Ia menguraikan bahwa teknologi AI mampu mengolah jejak digital transaksi keuangan yang dihasilkan dari penggunaan sistem pembayaran digital seperti QRIS. Nantinya, data yang telah diolah oleh AI ini akan menjadi dasar bagi alternative credit scoring, atau penilaian kredit alternatif.
Sebagai contoh, Juda menjelaskan bahwa para pelaku UMKM yang aktif menggunakan QRIS akan meninggalkan jejak digital berupa data pemasukan, pengeluaran, simpanan, hingga jumlah pelanggan mereka.
“Jejak-jejak digital keuangan dari pelaku UMKM ini bisa diubah oleh AI menjadi sebuah peluang akses keuangan. Ketika ibu ini [pelaku UMKM] memerlukan pinjaman dari bank atau fintech lending, data ini menjadi dasar alternative credit scoring yang sangat berarti,” ungkapnya, menggambarkan bagaimana AI menjembatani kesenjangan akses kredit.
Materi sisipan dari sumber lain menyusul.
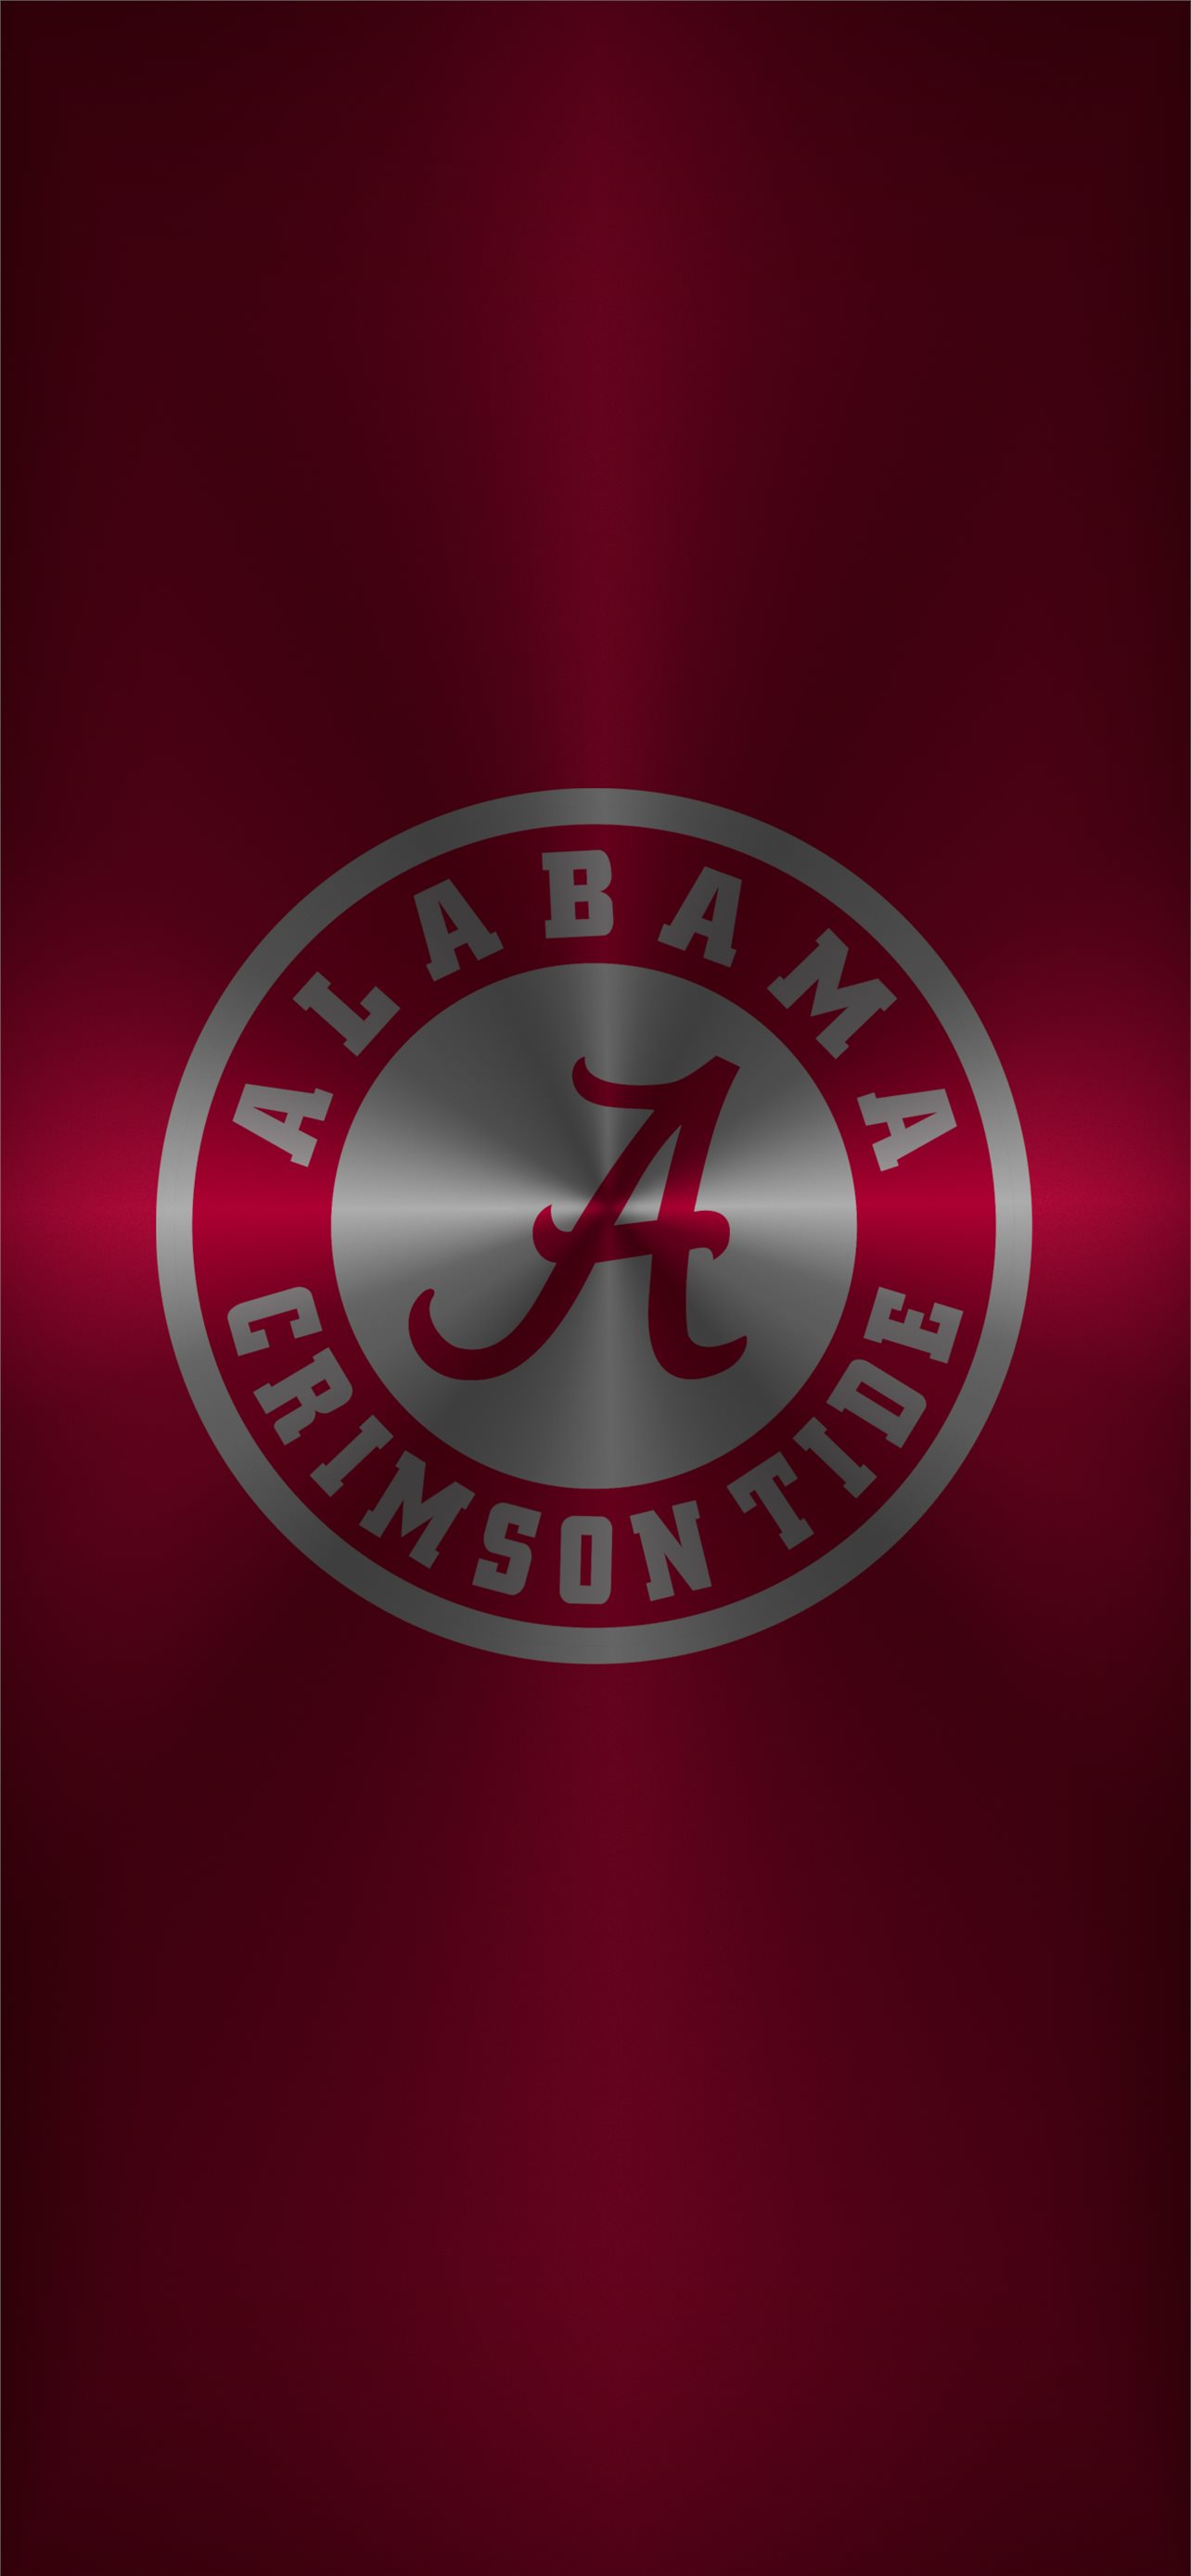 Download Get Fired Up with the Crimson Tide Alabama Football on iPhone  Wallpaper  Wallpaperscom

Langkah progresif ini, menurut Juda, sejalan dengan arah kebijakan BI dalam mendorong transformasi digital sistem pembayaran dan memperluas cakupan inklusi keuangan di seluruh lapisan masyarakat.
Ia menegaskan bahwa digitalisasi yang inklusif bukan sekadar tentang memiliki cip super atau algoritma paling canggih. Juda menekankan esensi teknologi digitalisasi keuangan untuk secara nyata menyentuh dan meningkatkan kehidupan masyarakat yang paling membutuhkan.
“Teknologi canggih memang diperlukan, namun itu saja tidak cukup. Kita membutuhkan pergeseran paradigma. Kita tidak hanya memerlukan teknologi yang high-tech [teknologi canggih], melainkan juga right-tech atau teknologi tepat guna yang benar-benar relevan dengan kebutuhan masyarakat,” pungkasnya, menekankan pentingnya inovasi yang berorientasi pada solusi praktis.
Bank Indonesia (BI) mengimplementasikan teknologi kecerdasan buatan (AI) untuk memperkuat sistem deteksi kecurangan di sektor keuangan digital, mengingat maraknya kejahatan digital dan judi online. AI berperan vital dalam mengenali pola transaksi mencurigakan serta menganalisis perilaku pengguna secara real-time, memungkinkan deteksi penipuan yang lebih cepat dan akurat. BI juga bersinergi dengan Otoritas Jasa Keuangan (OJK) dan Kementerian Komunikasi dan Digital (Komdigi) dalam upaya ini, serta mewaspadai potensi perpindahan pelaku judi online ke Indonesia akibat larangan di negara tetangga.
Selain itu, BI melihat potensi besar AI untuk memperluas akses keuangan dan mendorong inklusi finansial di masyarakat. AI dapat mengolah jejak digital transaksi keuangan, seperti penggunaan QRIS oleh pelaku UMKM, menjadi dasar penilaian kredit alternatif. Inisiatif ini sejalan dengan arah kebijakan BI dalam mendorong transformasi digital sistem pembayaran, menekankan penggunaan “teknologi tepat guna” yang relevan dengan kebutuhan masyarakat.